Утешив себя таким решительным выводом, Анимаида Васильевна взялась было зажелтенькую книжку нового французского романа, но строки Марселя Прево плохо ложились в ее озабоченный ум.
"Пора вырабатывать характер... А есть ли в ней материал для характера? Она мало унаследовала от меня. Вся в отца... Воображаю, что он сейчас переживает и как переносит... Несчастный он человек. Поляки о таких говорят, что в феральный день родился... Вся в отца... А у него характера никогда не было, никогда! В Москве засмеялись бы, если бы услыхали такую аттестацию Василию Александровичу Истуканову, дельцу и умнице, которым живут и держатся Бэр и Озирис... А ведь правда... Я одна его знаю -- во всем свете я одна... В нем не характер -- в нем страсть господствующая сильна. Постоянство господствующей страсти его жизнью управляет, и так как это его постоянство уже до того предела дошло, что каждая минутка, каждое движение мысли насквозь им пропитаны, то и кажется, будто оно характер... А на самом-то деле не он своею страстью владеет; а страсть им... Делец потому, что денег много нужно, а денег много нужно, чтобы страсть свою осуществлять... Владело им его шелковое безумие... Владела я... Если бы кто видел этого человека с характером в квартире наших свиданий!.. Брр... Надо мою выдержку и присутствие духа, чтобы выносить его угрюмую тишину, понимать ее и -- ее не бояться... Словно ночью в колодец смотришь, а в колодце-то -- водяной..."
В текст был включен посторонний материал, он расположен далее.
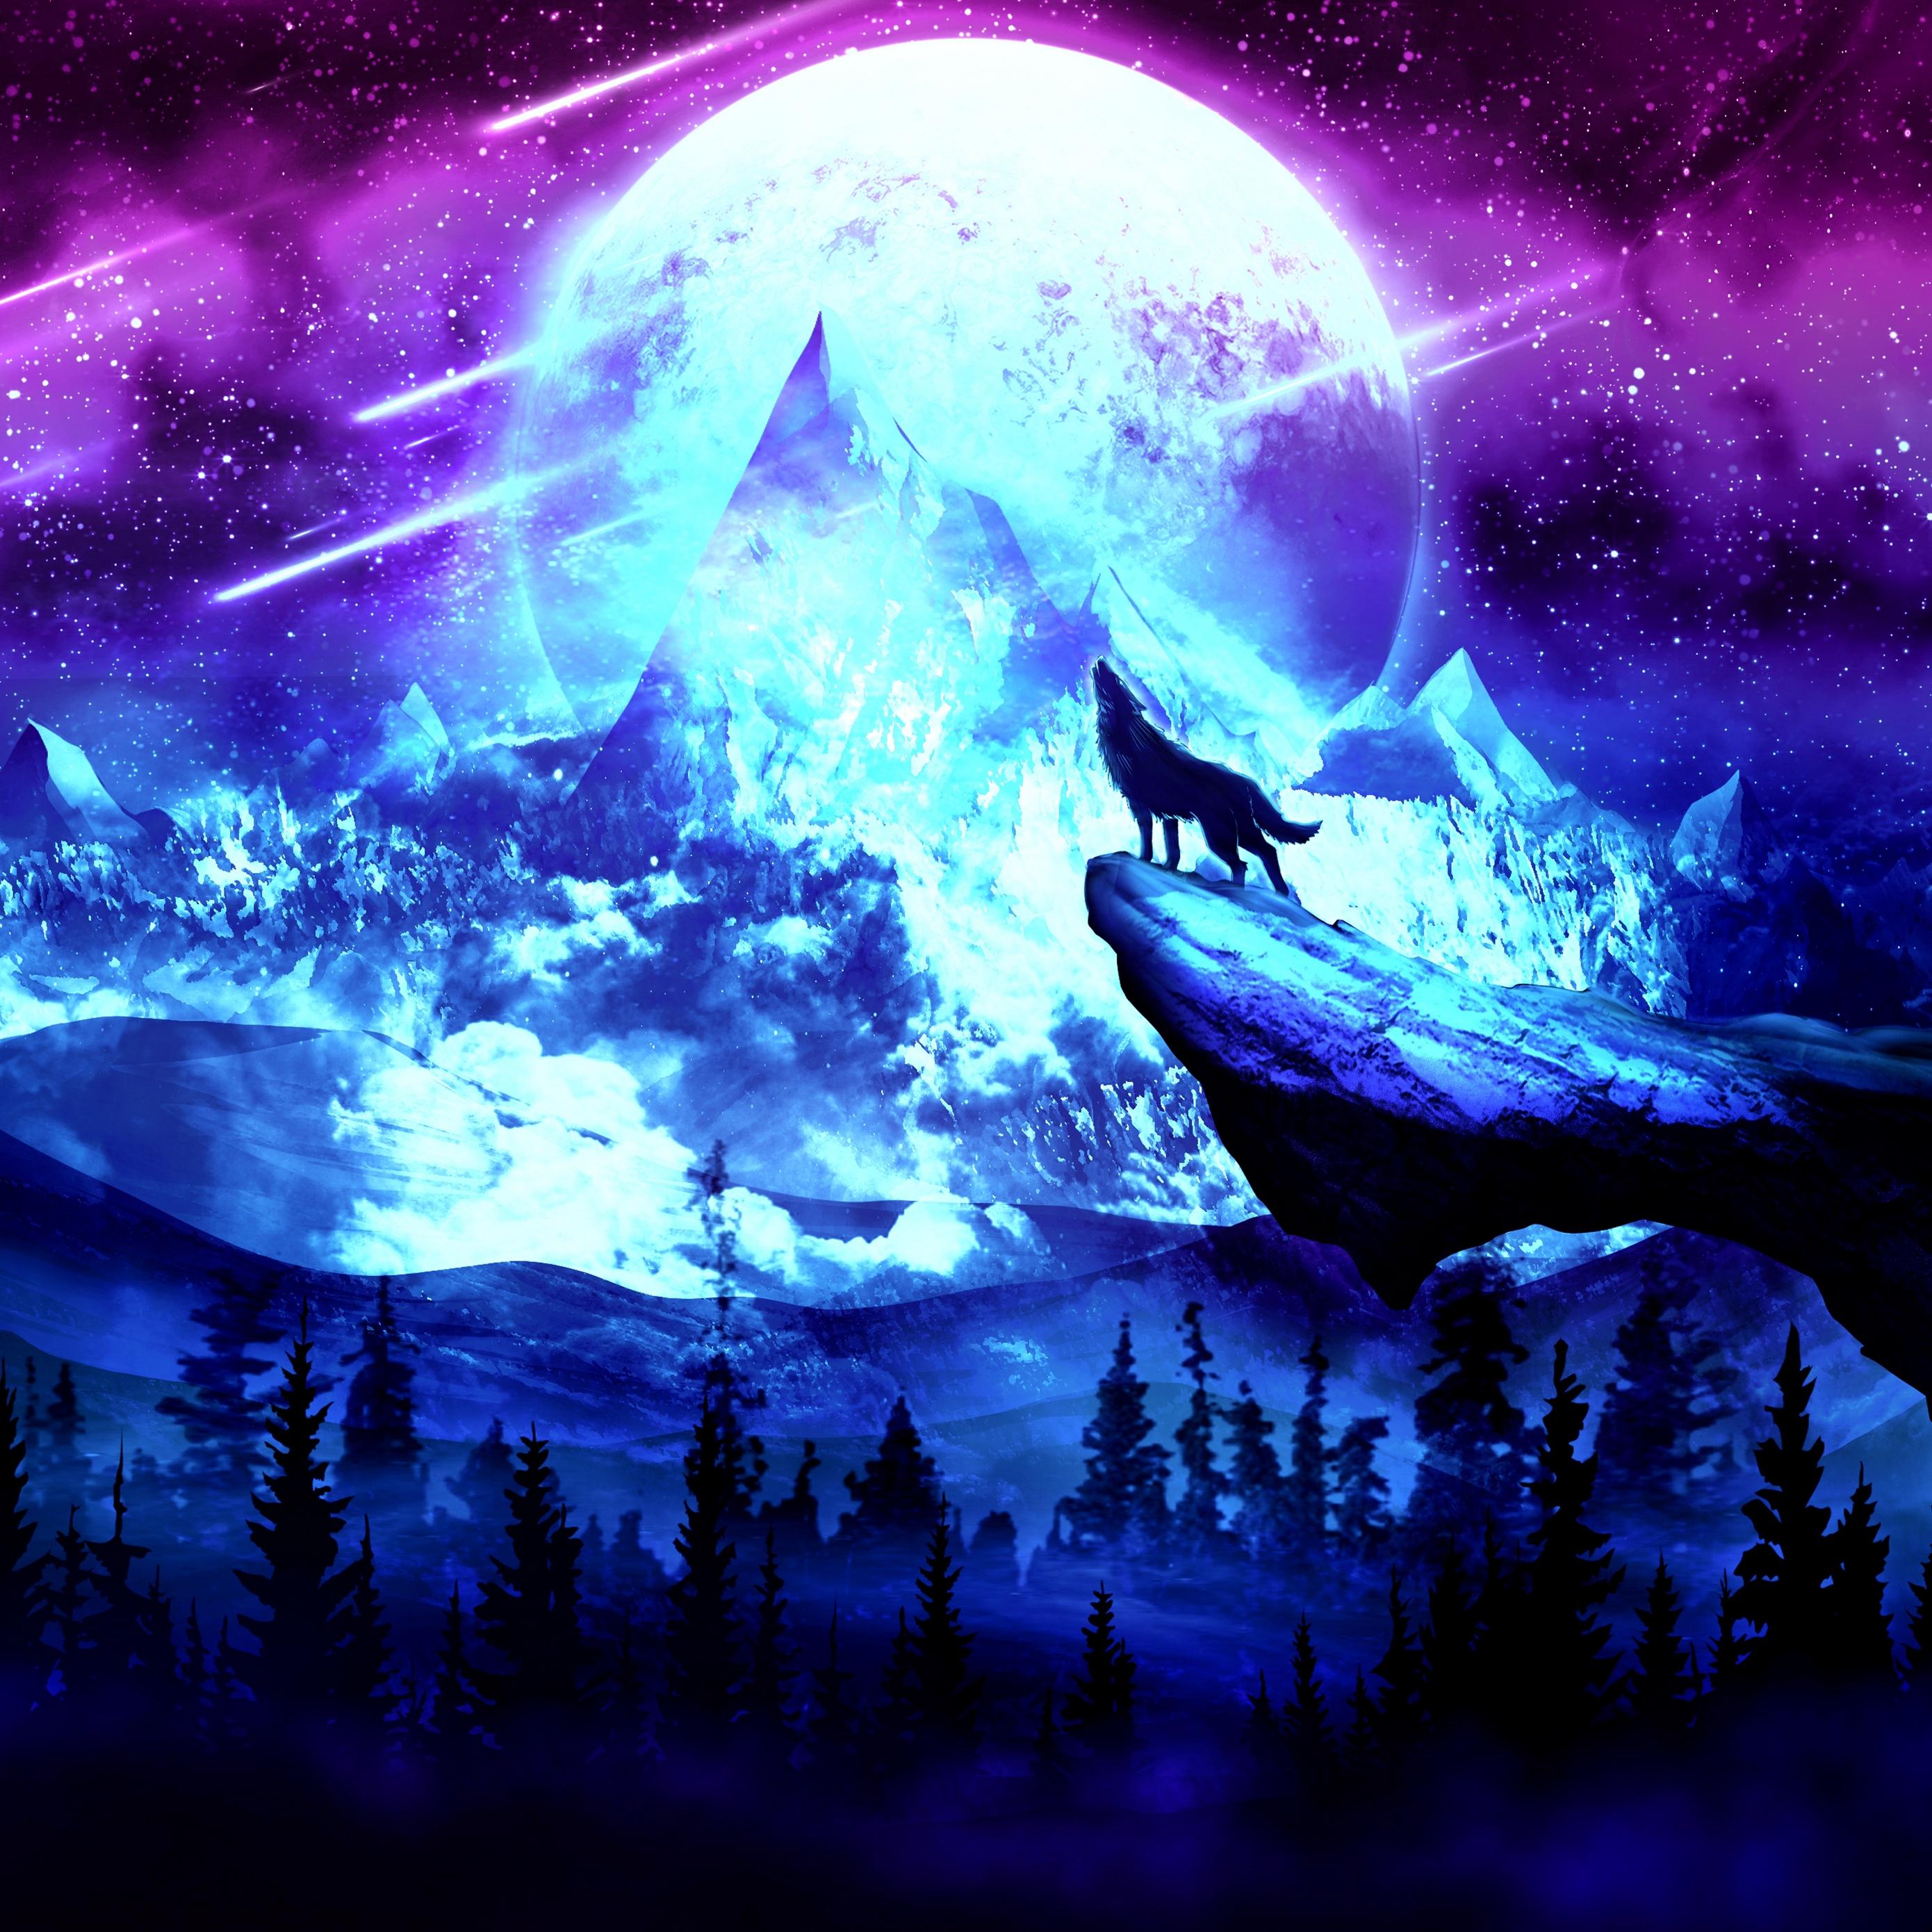 Download wallpaper 2780x2780 wolf moon night mountains art 2780x2780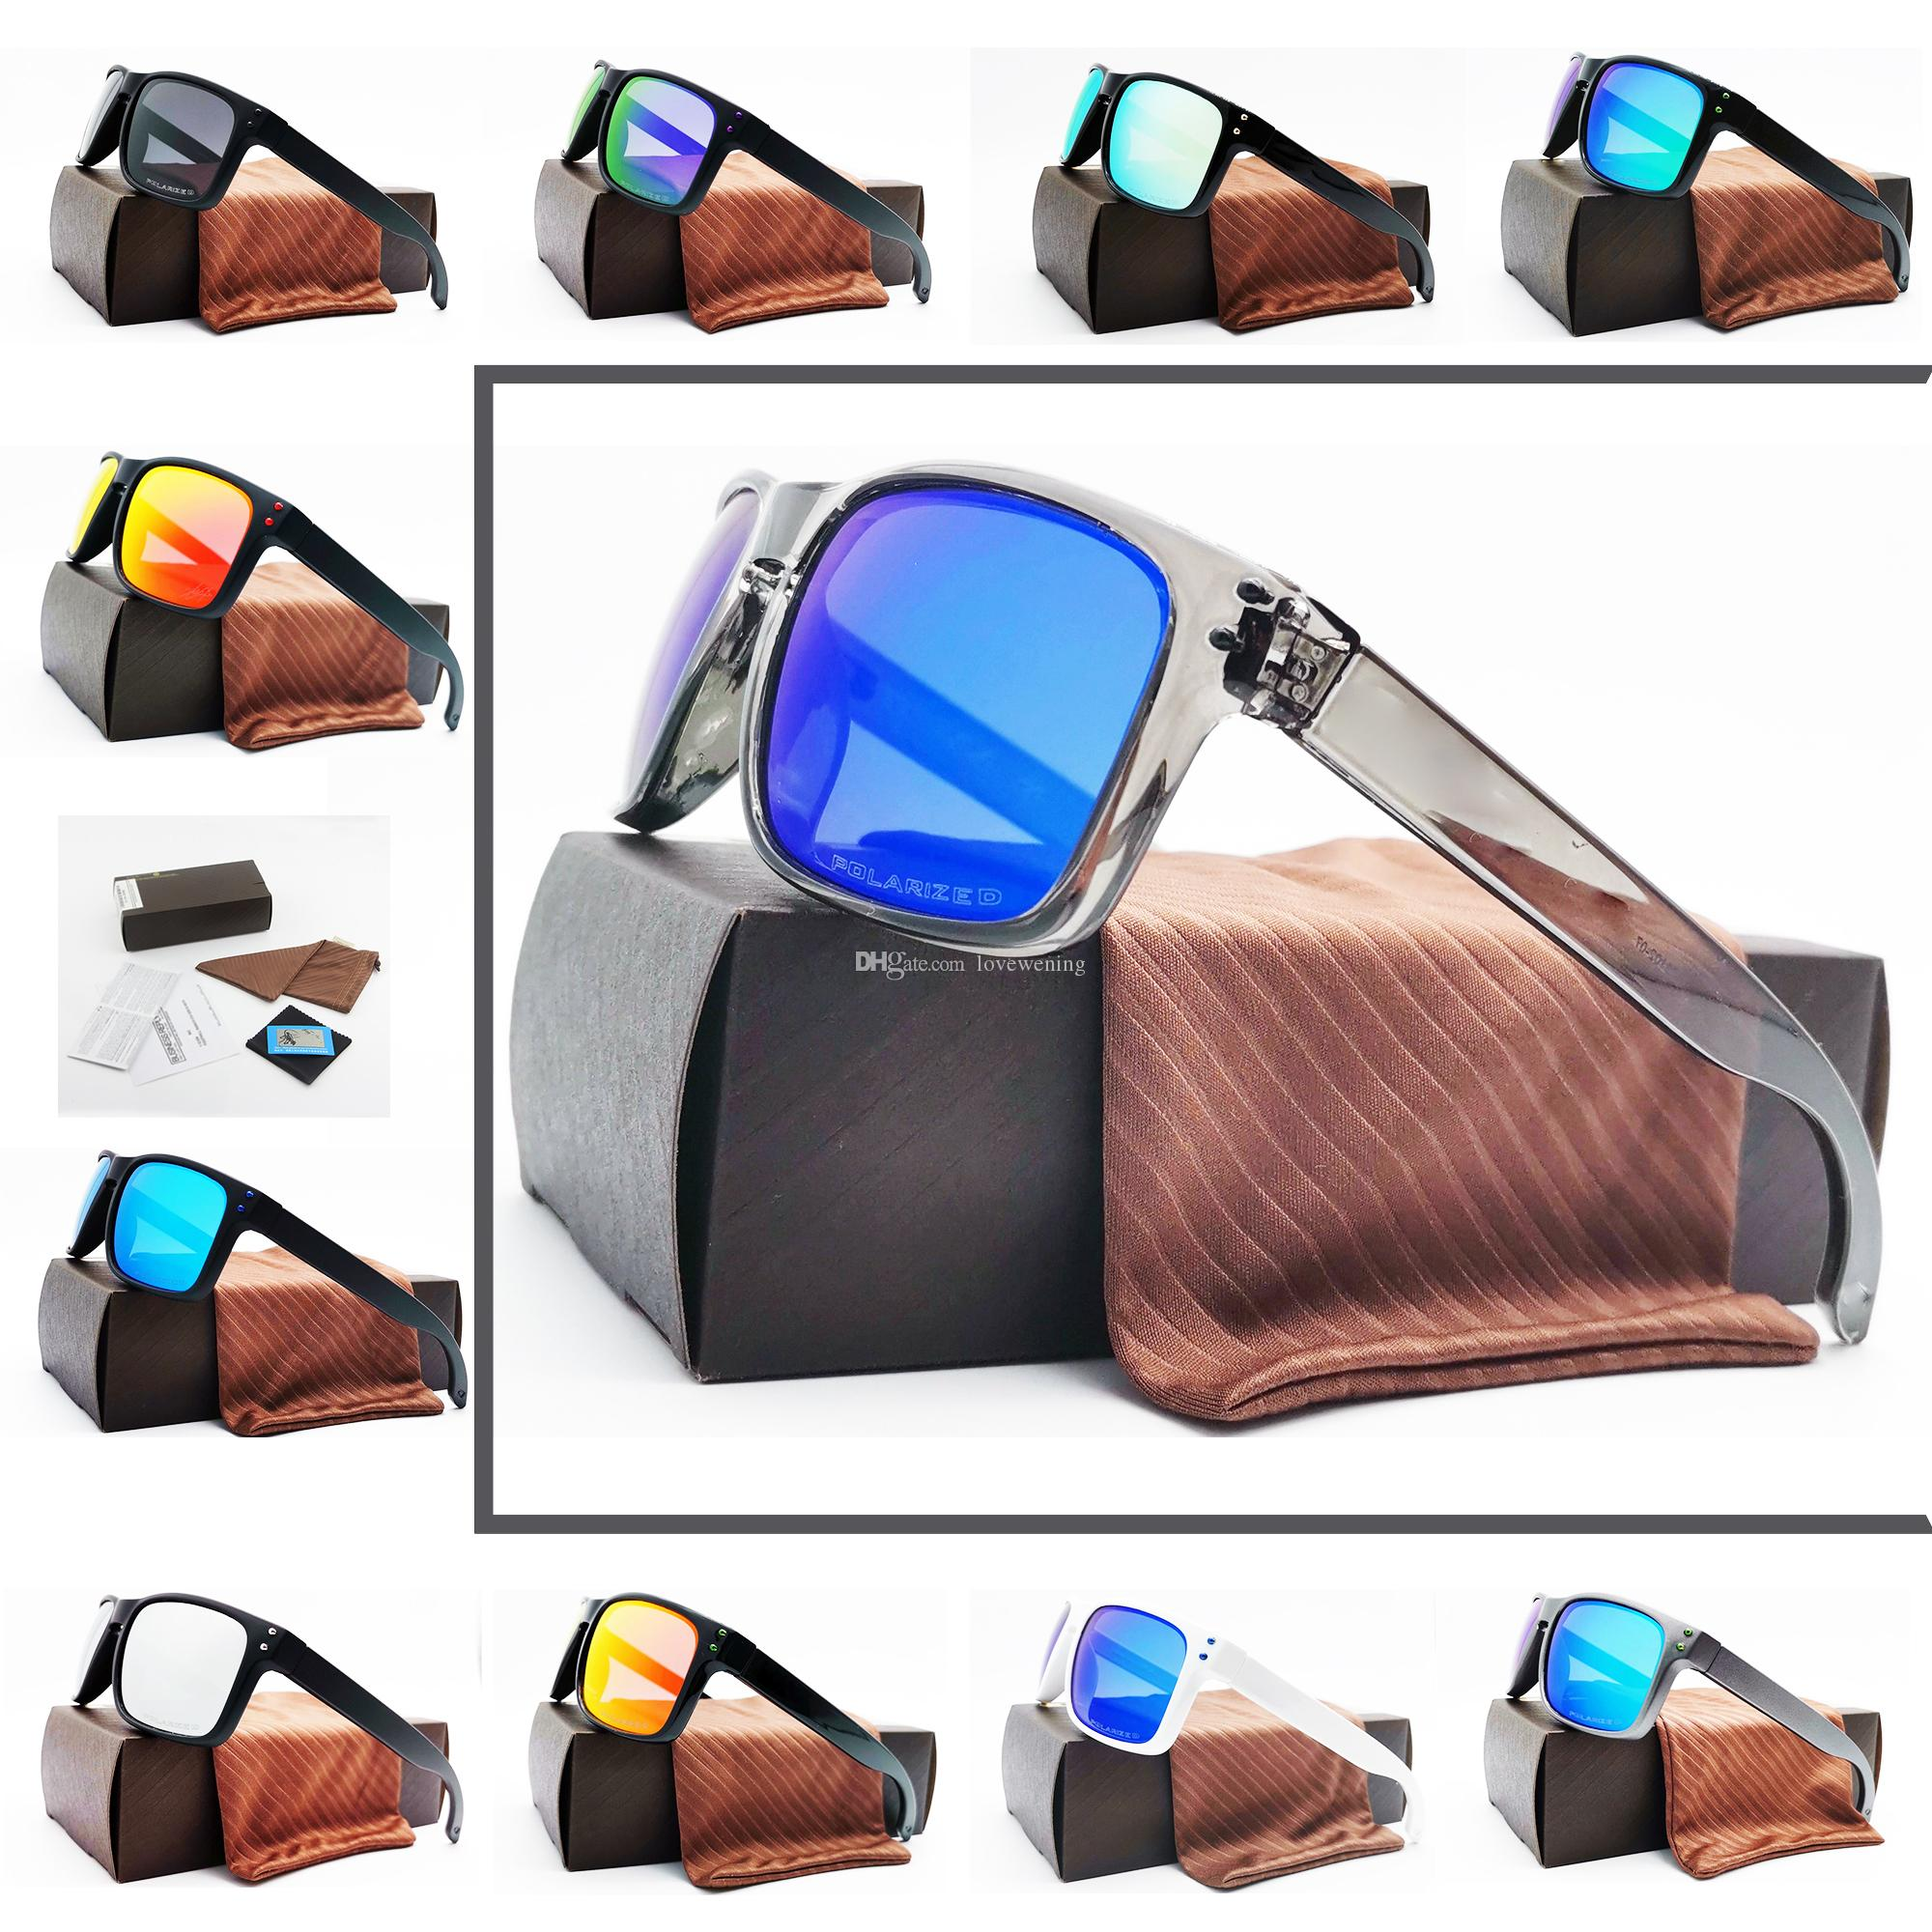 Estilo (11) sob encomenda da forma Esportes óculos de sol UV400 lente polarizada New YO91-02 alta classe de Homens New Outdoor Óculos frete grátis

Она передернула плечами, как от холода, и задумалась над тем, что привязанность к ней Истуканова становится с года на год все более странною, в безмолвной и замкнутой бестребовательной своей страстности...
"Тут звучит что-то неестественное, анормальное... Если еще не психоз, то -- на границе психоза... Если бы я верила в медицину, а у него было бы время, его следовало бы оторвать от магазина и работы и... еще кое от чего, может быть... и повезти... со мною, конечно... ну да, непременно под моим надзором, повезти в какой-нибудь хороший санаторий... Да, ему восстановить себя надо... Человек с нарушенным равновесием функций... Скромнейший, тишайший, пристойнейший, почти целомудренный... А покажи его какому-нибудь Крафт-Эбингу, пожалуй, отрекомендует: "Вы этого смиренника остерегайтесь... Он у вас эротоман... и из серьезно одержимых!"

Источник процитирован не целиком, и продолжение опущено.